Moreover, through this process and generally looking over some of the previously cited data regarding gun ownership in this country, an interesting pattern emerged that seemed worth exploring. I noticed that many of the states with the deadliest cities had some of the very lowest rates of gun ownership in the country. Despite this being anecdotal, it is a curious question that deserves a solid answer. The devil is in the details, and this multifaceted problem has no shortage of them.
Regarding the statistical significance of poverty as a driver of lethality among states, one might posit that a lack of healthcare infrastructure in impoverished communities could be consequential to health outcomes vis-à-vis gun violence. Poor hospitals, a lack of hospitals, or poor emergency response times could be factors worth examining when thinking about how to improve the situation.
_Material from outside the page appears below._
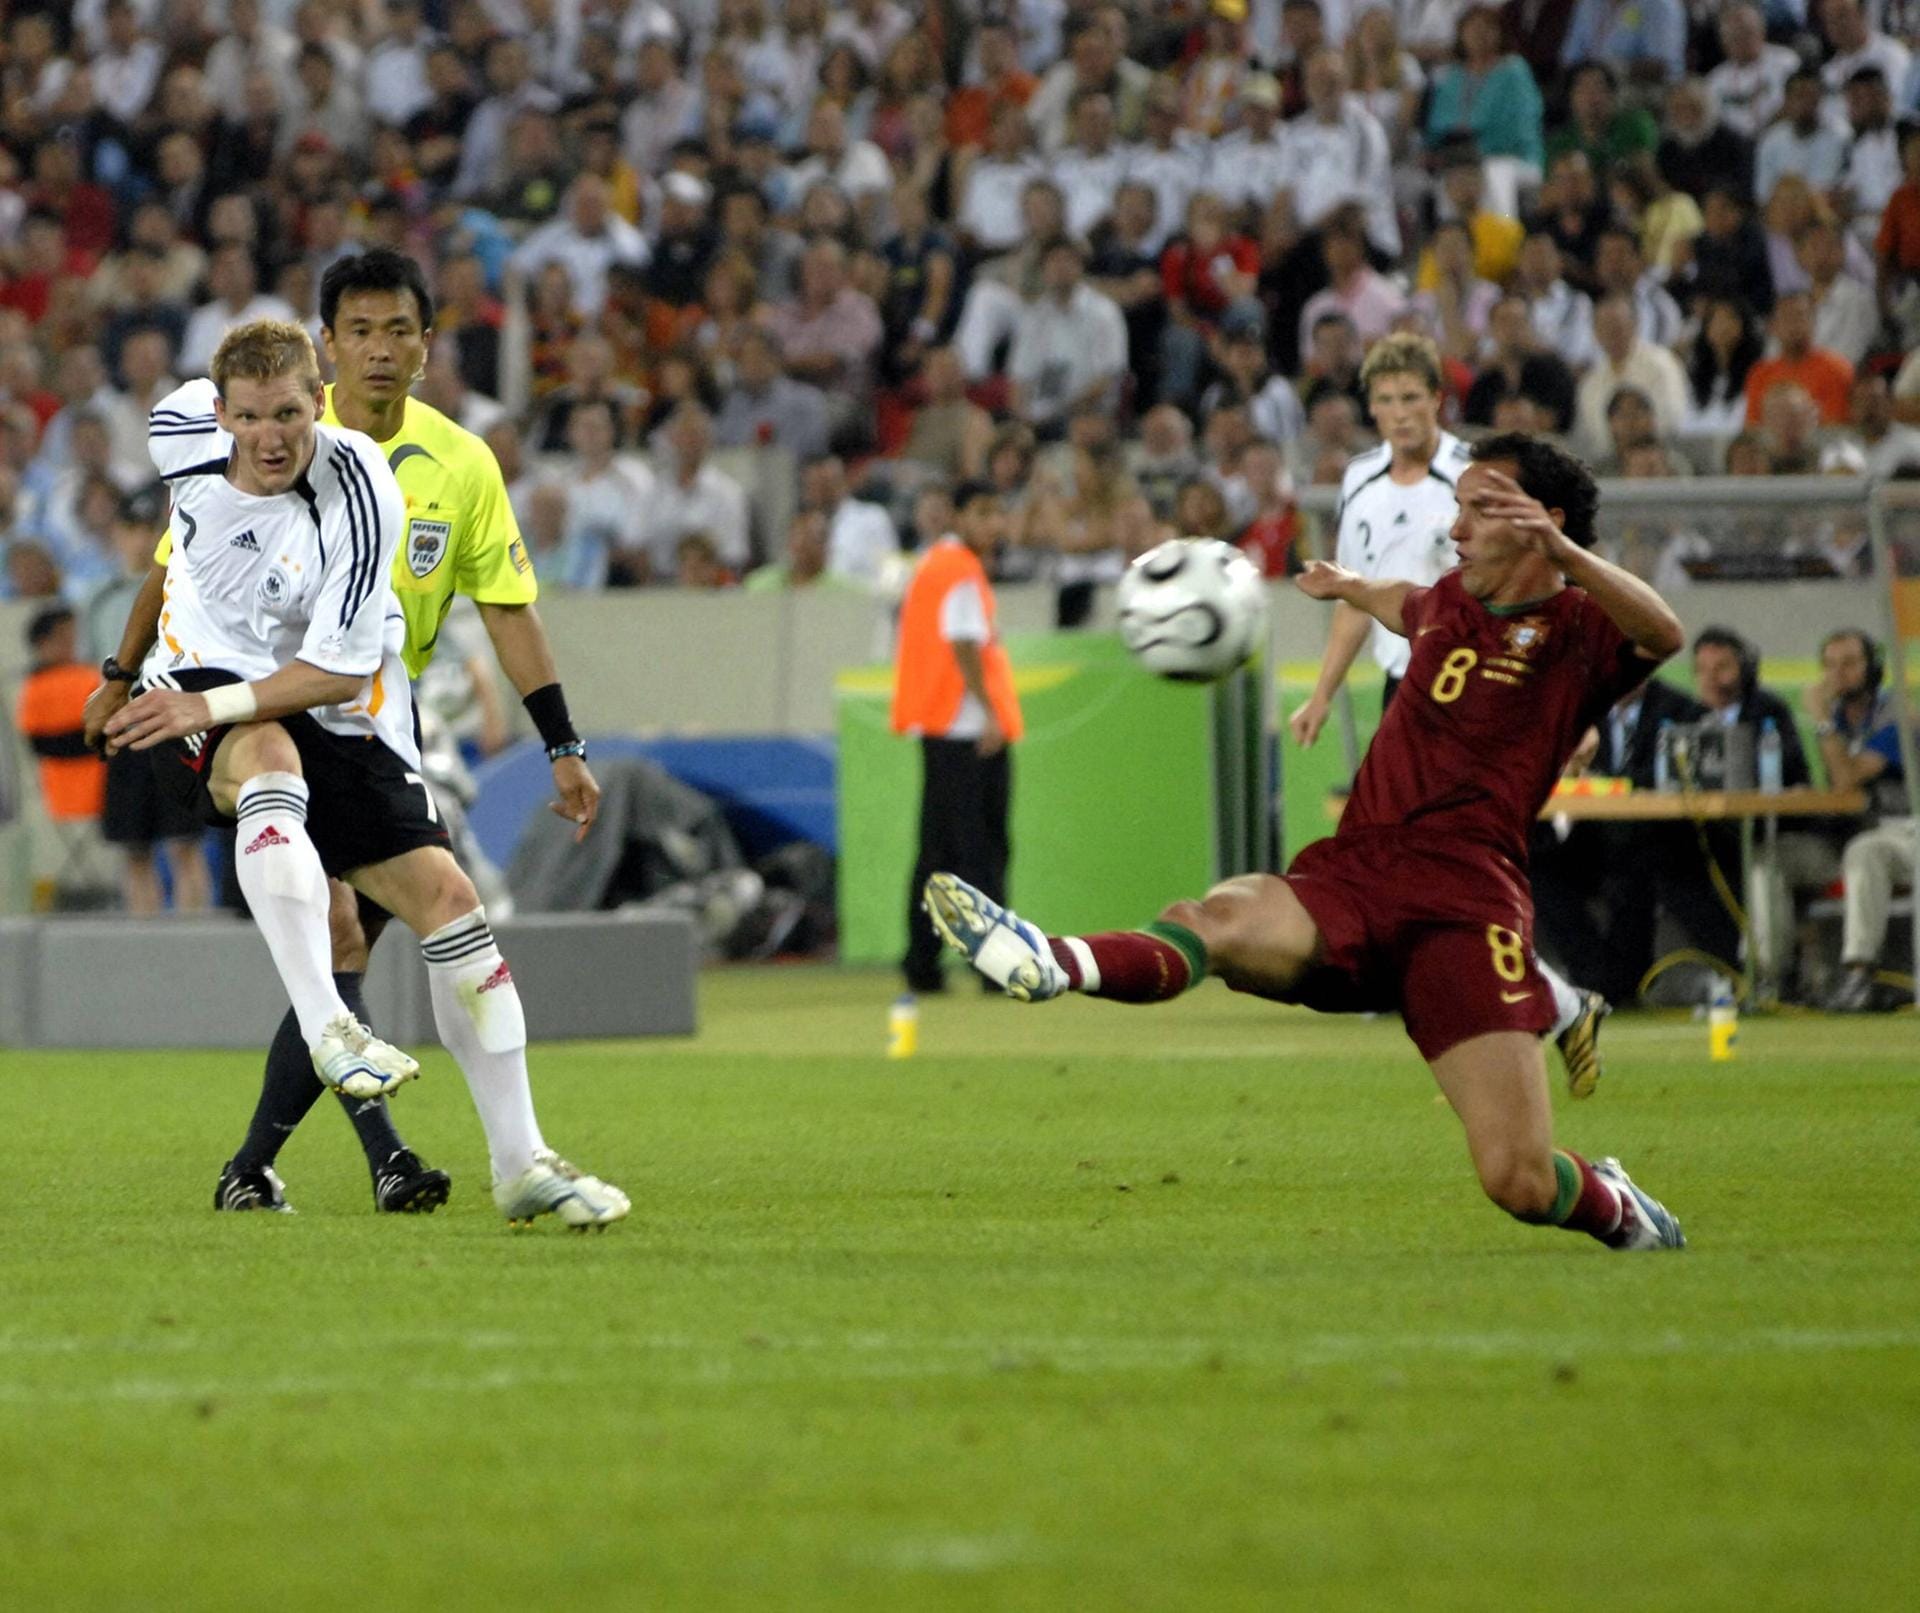 WM 2006, Spiel um Platz drei: Deutschland trifft auf Portugal, Schweinsteiger schießt alle drei Tore beim 3:1-Sieg. Ein Treffer ist schöner als der andere.

Other potential social and psychological factors may be helpful but arduous to collect or rely on for accuracy. Furthermore, they may be clouded by ambiguity and not easily stated.
Being from Baltimore, Maryland, the second deadliest city in America in 2017, it is hard to see the poverty and violence. Knowing that right around the corner, my fellow Americans are residing in a war zone is unsettling, to say the least. I would personally like to see more careful analysis and concerted effort among legislators to pinpoint effective ways to ameliorate gun violence in America. Only through thorough research, open dialogue, and targeted interventions can we hope to make meaningful progress in addressing this critical issue.